What functions to put inside a class

If I have a function (say messUp that does not need to access any private variables of a class (say room), should I write the function inside the class like room.messUp() or outside of it like messUp(room)? It seems the second version reads better to me.
There's a tradeoff involved here. Using a member function lets you:
Override the implementation in derived classes, so that messing up a kitchen could involve trashing the cupboards even if no cupboards are available in a generic room.
Decide that you need to access private variables later on, without having to refactor all the code that uses the function.
Make the function part of an interface, so that a piece of code may require that its argument be mess-up-able.
Using an external function lets you:
Make that function generic, so that you may apply it to rooms, warehouses and oil rigs equally (if they provide the member functions required for messing up).
Keep the class signature small, so that creating mock versions for unit testing (or different implementations) becomes easier.
Change the class implementation without having to examine the code for that function.
There's no real way to have your cake and eat it too, so you have to make choices. A common OO decision is to make everything a method (unless clearly idiotic) and sacrifice the three latter points, but that doesn't mean you should do it in all situations.
Any behaviour of a class of objects should be written as an instance method.
So room.messUp() is the OO way to do this.
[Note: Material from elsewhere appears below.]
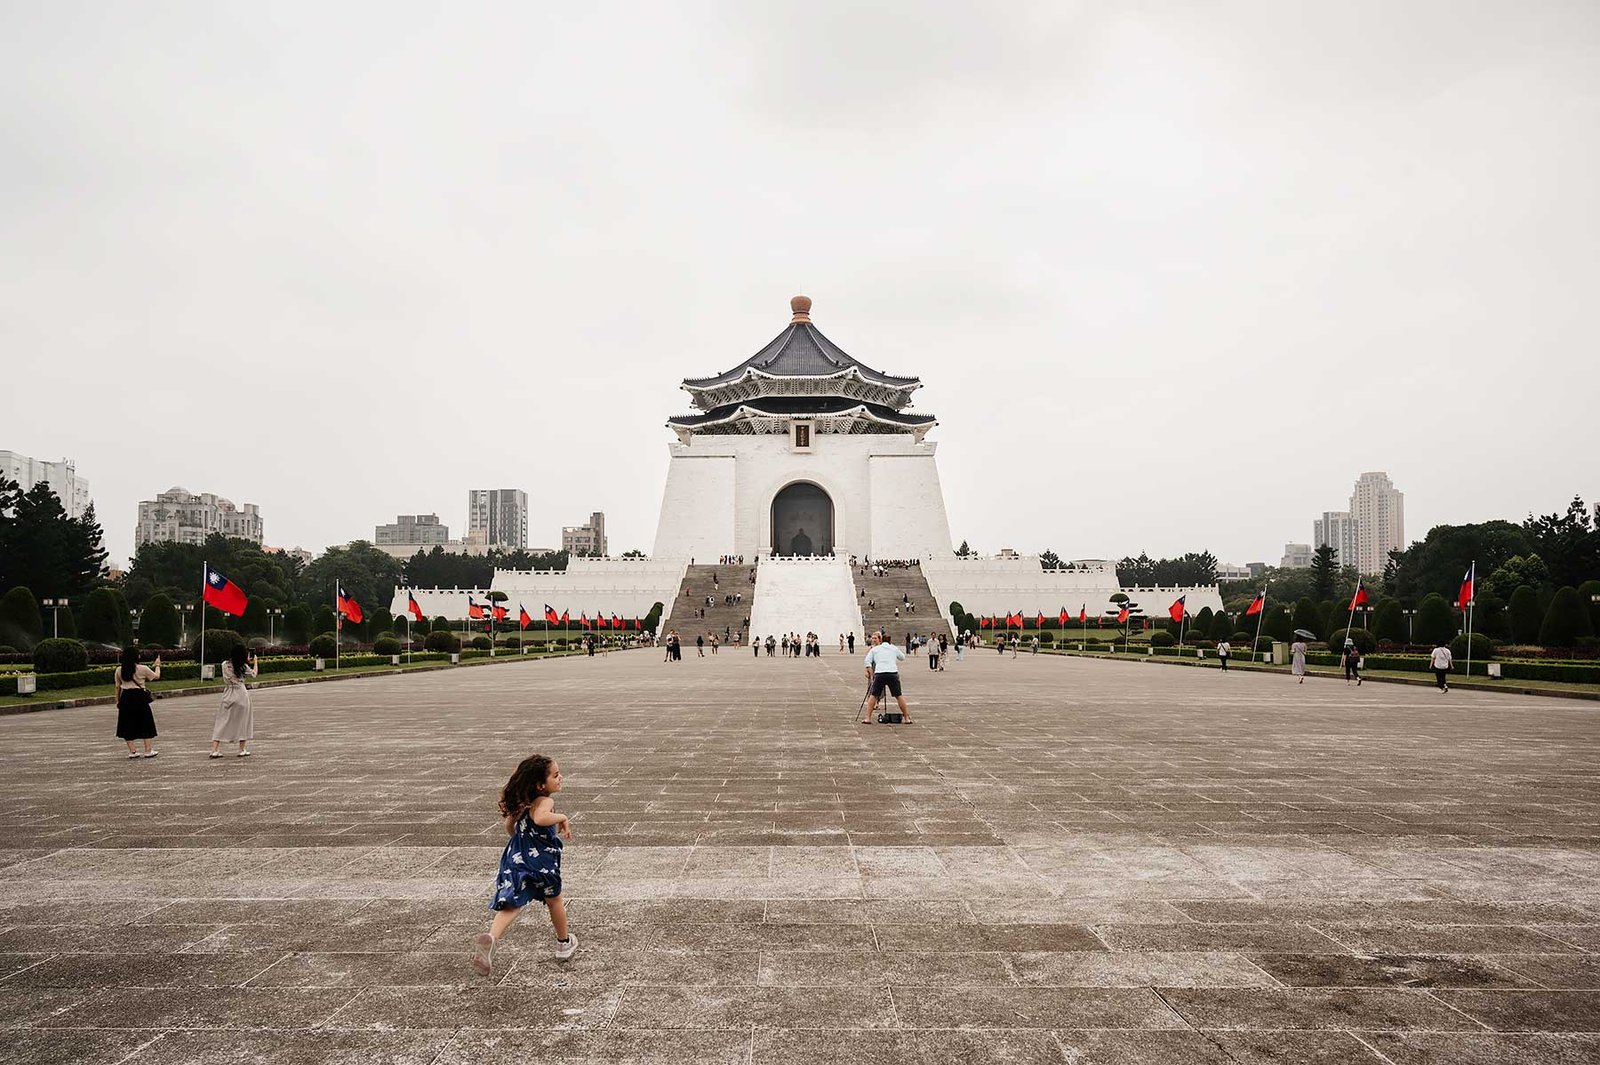 Liberty Square with Chiang Kai-shek Memorial Hall in Taipei. Must-see when visit Taipei for the first time.

Whether messUp has to access any private members of the class or not, is irrelevant, the fact that it's a behaviour of the room, suggests that it's an instance method, as would be cleanUp or paint, etc...
Ignoring which language, I think my first question is if messUp is related to any other functions. If you have a group of related functions, I would tend to stick them in a class.
If they don't access any class variables then you can make them static. This way, they can be called without needing to create an instance of the class.
Beyond that, I would look to the language. In some languages, every function must be a method of some class.
In the end, I don't think it makes a big difference. OOP is simply a way to help organize your application's data and logic. If you embrace it, then you would choose room.messUp() over messUp(room).
i base myself on "C++ Coding Standards: 101 Rules, Guidelines, And Best Practices" by Sutter and Alexandrescu, and also Bob Martin's SOLID. I agree with them on this point of course ;-).
If the message/function doesnt interract so much with your class, you should make it a standard ordinary function taking your class object as argument.
You should not polute your class with behaviours that are not intimately related to it.
This is to repect the Single Responsibility Principle: Your class should remain simple, aiming at the most precise goal.
However, if you think your message/function is intimately related to your object guts, then you should include it as a member function of your class.